Railroad conductor is a sculptor of an unusual sort
By Tim Leeds
There are some special bugs in the yard of Cory and Charlotte Holmes.
They are metal bugs that Cory Holmes has built over the past few years, forging and welding them in his spare time.
Holmes said that over the last three years or so he has built about 70 metal sculptures. Some are sculptures of people, but most are of bugs. The bugs include spiders, centipedes, weevils, butterflies, beetles and ants.
"Lots of ants," he said.
Twenty or 30 years ago Holmes took a class in metal sculpture at Northern Montana College, and enjoyed working in the medium. A few years ago he was building a 2,700-foot wrought iron fence around his property, and began making sculptures out of the leftover scraps. Holmes said he started by sculpting spiders to hide in his wife's garden to scare her.
"Because bored people would do strange things," he said.
Pretty soon people were stopping by his yard, looking at the sculptures and wanting to buy them. Of the 70 or so sculptures he has made, he said, he has sold about 50. He started showing them in art shows and also sells them over the Internet, including auctions on eBay. Some of his work is in a gallery in Whitefish.
Larry and Connie Lund of North Havre bought two of Holmes' pieces and use them as lawn ornaments.
"But I'm anxious to get back and get some more," Larry Lund said. "I've always been so impressed with his imagination."
Lund said Holmes' talent shows in his ability to forge and weld the pieces. He said the realism is amazing.
Holmes has now sold pieces in 13 states, as far away as Massachusetts, and is packaging a sculpture of a wolf spider right now to ship to Mississippi.
"Which is the epicenter, incidentally, for brown recluse spiders," he said.
He said he has standing orders to make more of the sculptures, but he's just making the pieces one at a time.
"I started this for fun and I don't want it to eat me alive," he said.
Holmes has an extensive photographic display of his sculptures on the Internet. He has a section entitled "iamasculptor" on Excite's Webshots site. Surfers can view his "Army Ant," wearing a helmet and manning a machine gun, or "Ant Walking Roach," "Jitterbuggers" and "Gear Weevil" and other insects, as well as more traditional sculptures like "Iron Cowboy on a Horse o' Steel" or "Armored Charger."

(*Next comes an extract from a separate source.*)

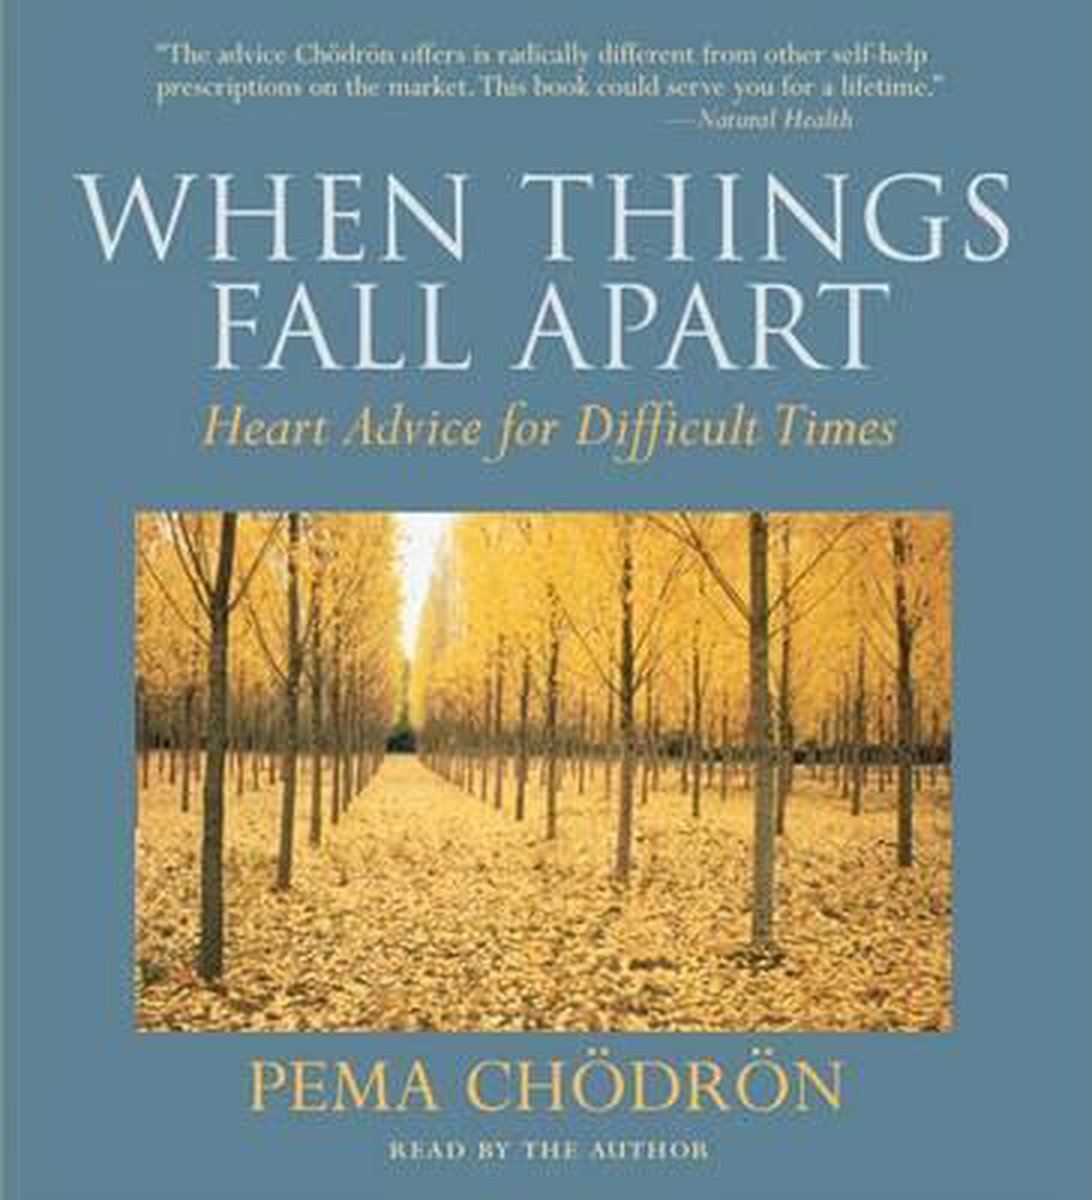 When Things Fall Apart - Pema Chodron
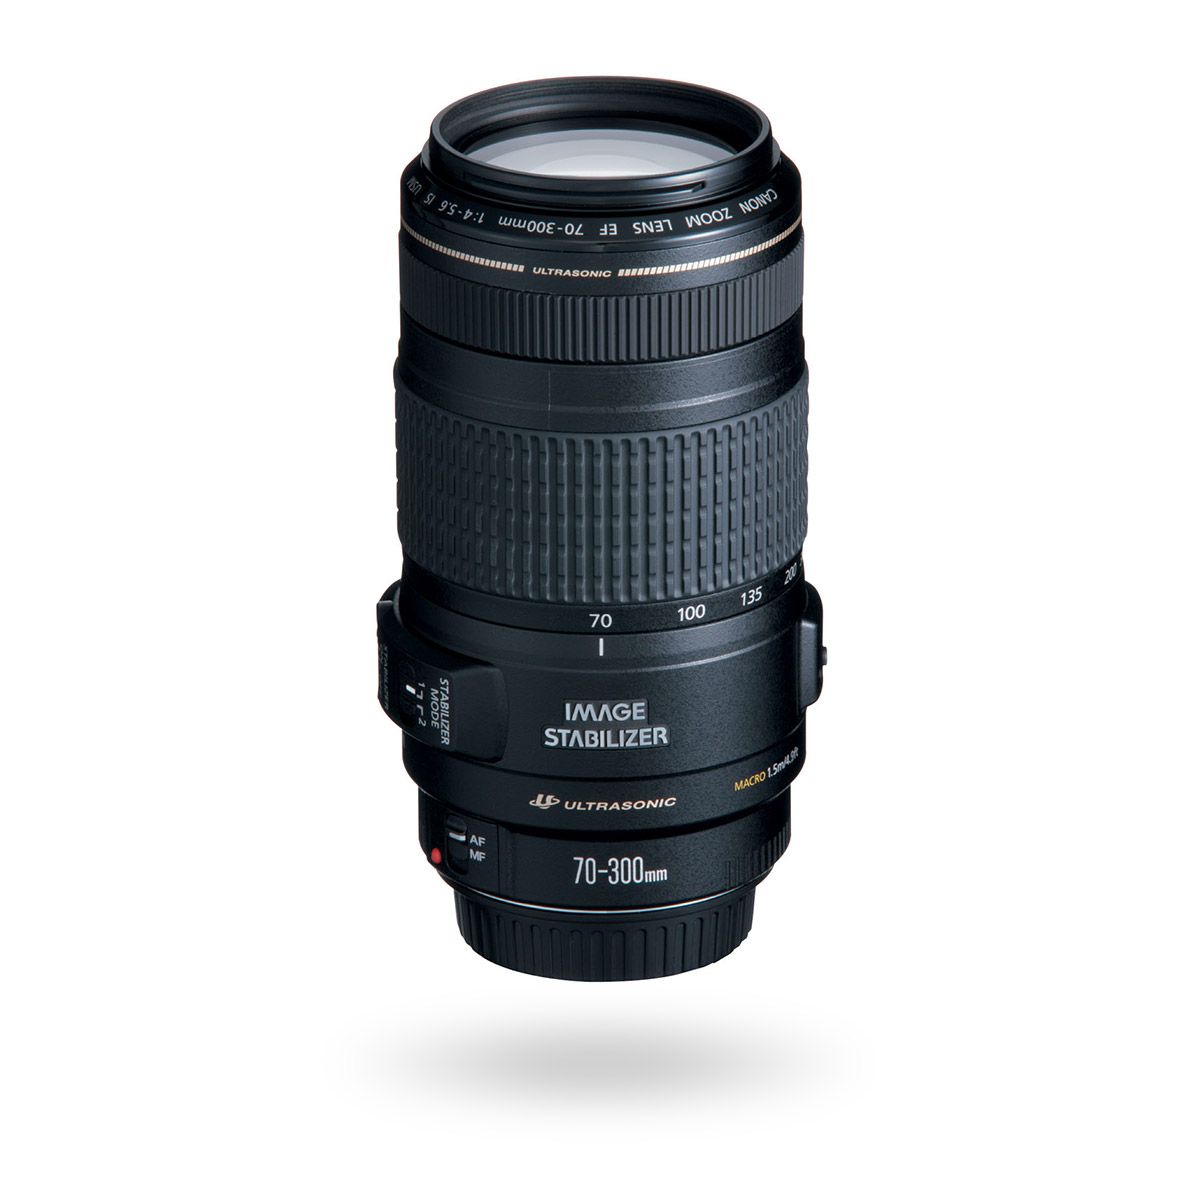 EF 70-300mm f/4-5.6 IS USM lens

Holmes, who has worked as a conductor for the Burlington Northern and Burlington Northern Santa Fe railways for 23 years, said his sculpting is generally a wintertime activity.
"It's generally not that much fun to be outside in January or February," he said.
The time it takes to make a sculpture, and the price he charges for it, depends on the size and intricacy of the piece and the process and materials used to make it. He said, for example, it is impossible to weld brass to steel and difficult to weld cast iron very well at all.
Holmes said he choses the pieces he uses to make his sculptures because of their unique shape or appearance.
"Occasionally I'll find a part and I'll say, I see a bug here,'" he said.
Antique parts often have the perfect shape for his work. Most of the teeth on his spider sculptures, for example, are made from the sickle teeth from an 1800s horse-drawn combine.
Using antique or weathered metal causes its own problems. Holmes said the pieces have to be prepared, polished and shined before they will hold a good weld. The preparation time generally takes longer than the welding time.
"It's frustrating, not as fun," he said.
The medium Holmes uses is called "direct metal sculpture."
"I take the metal and hand-fashion and forge these things," he said. He said it's also considered "outside art" because it is outside of the general realm of fine art, such as painting or sketches.
Holmes said the medium is outside more traditional metal sculpture as well. From the Greeks and Romans to modern Europeans, he said, artists usually first make a model, generally out of clay or wax, then make a mold from the model. The artist pours molten metal into the mold to make the cast metal sculpture.
Holmes said it took a long time to get the equipment and facilities he needed to do the work he does now. He has quite a selection of equipment and parts in his garage and shop, including a couple of partially completed larger projects.
"What I'm building these for is with an eye to put in museums might be kind of a lofty event to aim for," he said.
One of the pieces is a metal saxophone player, about 5 feet tall, followed by six spiders, each about 3 feet in size.
"It's going to be the Spied Piper,'" Holmes said.
The other will be about 38 feet long when completed. The sculpture will be of an 1885 Wells Fargo Heavy Concord stagecoach pulled by six spiders in harness, with a praying mantis holding a flyswatter as the coachman.
Holmes said his work isn't limited to sculpture.
"Actually, I'm writing a book, a children's book for adults which is interesting, don't you think? This one has some strange bends and flips in it," he said.
He said he still has about 2,200 to 2,300 feet to go on the wroughtiron fence, too.
"It's kind of an epic, ongoing many-year project," he said.